How a baby changes your life
Whenever someone finds out you are pregnant with your first child, inevitably, a comment soon follows about how your life will change. This is, of course, an understatement. The ways your life will change are indeed profound. During a first pregnancy, there is a common misconception that you can somehow prepare yourself for all of this in your 9 months. Sure, you can take classes, register for baby gifts, set up the crib and think about all the different ways that you will incorporate a baby into your life but there is nothing that can truly prepare you for the changes that will come. It is more than the fact that your family of two is now a family of three or that you are now completely responsible for another human being. In a general sense, here is a short list of the ways that having a baby impacts your life:
Your relationship with your partner will shift. Since there are so many things that have to happen each day when you have a baby (feed, change, figure out how to get the baby to sleep, repeat, maybe a bath, and repeat it all again), the dynamic of who does what in your home may be altered. Sometimes this produces friction. Figuring out how to navigate this can be challenging. Having a baby can test even the best relationships. Also, many dads struggle with being displaced as your one and only priority as well as learning how to comfort and soothe their baby as well as mom does. They will figure it out eventually, but since many men have less experience with babies to start with, they have an even steeper learning curve then first time moms. Communicate is a must!
Your concept of time and what can be done in a short period of time is drastically altered. If you have exactly one hour before you have to feed your baby again (assuming someone else could be responsible for your child during this time), you could conceivably, clean the house, grocery shop, shove some food in your mouth, throw in a load of laundry, order some diapers online. Or, you could just take a nap and figure that it can all wait.

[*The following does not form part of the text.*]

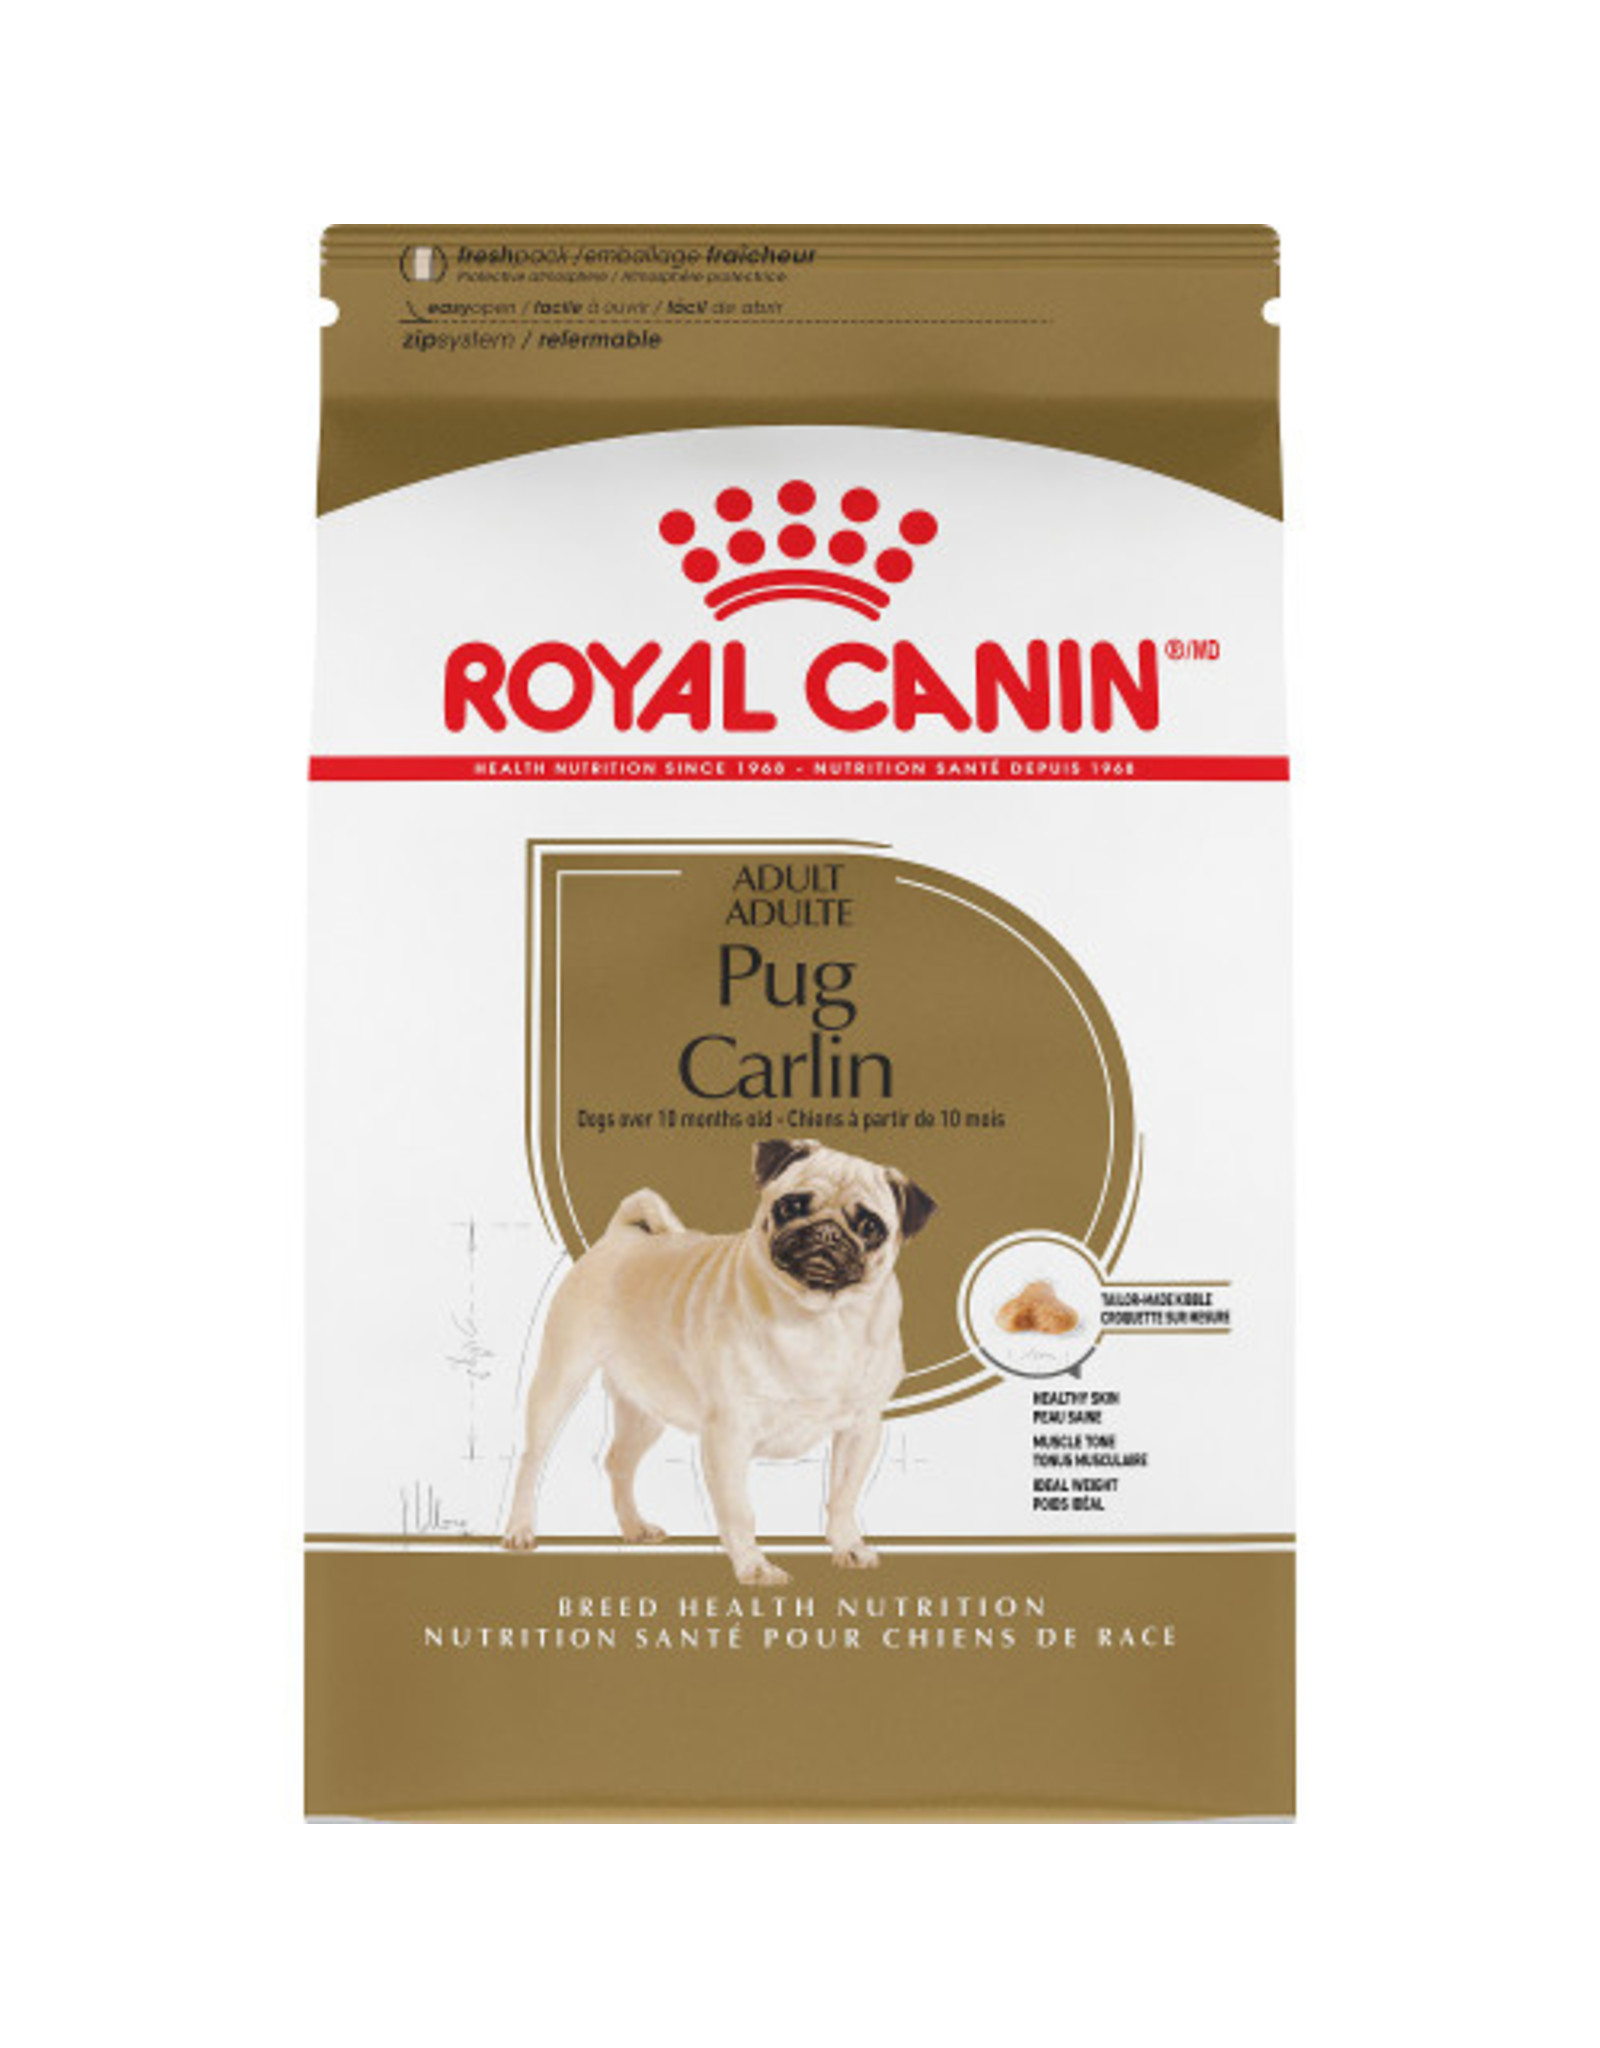 Royal Canin Royal Canin Pug Adult 10lb
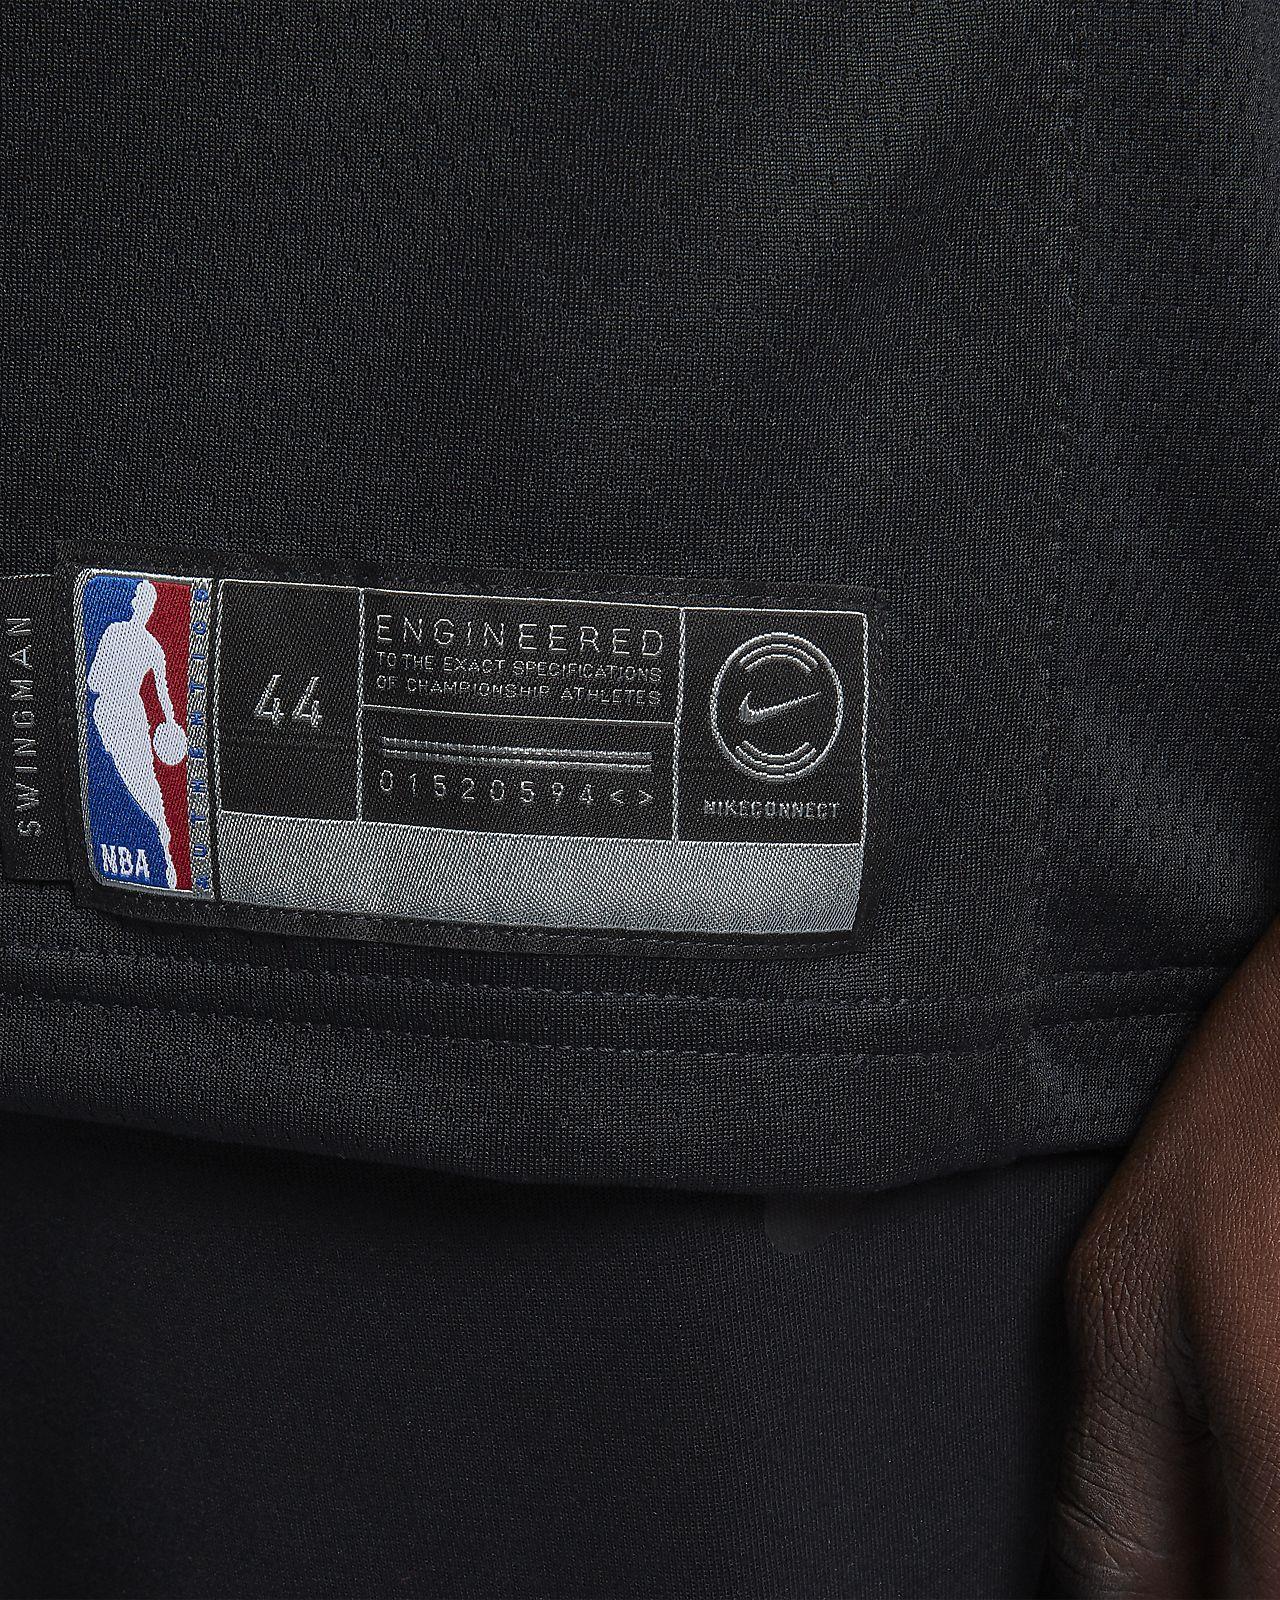 a606ccbd8 ... James Harden Statement Edition Swingman (Houston Rockets) Men's Nike NBA  Connected Jersey

Leaving the house with your baby takes monumental effort. Whereas before you could get up less then an hour before you had to be at work, now it takes hours of planning to make it out the door. Before going anywhere, everyone needs to be dressed, fed, changed, maybe fed and changed again, and the diaper bag needs to be ready to go (and actually remembered before leaving the house). It may not sound like much but these simple tasks can take long periods of time to happen. You will get faster but it takes practice!
SLEEP! Well meaning friends, family and strangers who accost you at the grocery store like to tell you that you won’t get any sleep after you have a baby. Sometimes we even think that the need to pee several times a night during pregnancy will prepare us for frequently waking with a baby. Sadly, nothing can really prepare you for the sleep deprivation that occurs in the early months. Even if you are lucky enough to have a baby who sleeps well from a young age, everyone spends at least a few sleepless days, weeks, months, or years, when they become a parent. Even if you are a person who doesn’t think she requires much sleep, the difference is that if you decide to stay up late every night before you have children, this is on your terms. You can decide when you are tired and need to sleep. Once you have a baby, the decision is no longer yours. If your baby is up, because he needs to eat, be changed, eat and be changed again or is just plain fussy, then you have no choice but to go along for the ride. Sure, sleep will come but it takes time and when the adrenaline of being a new parent wears off, they exhaustion tends to set in.
This is, by no means, an exhaustive list. Of course the biggest change you will encounter is that it is likely that you had no idea just how much you could love another human being or the lengths you are willing to go for this small person. What sort of changes were you surprised by?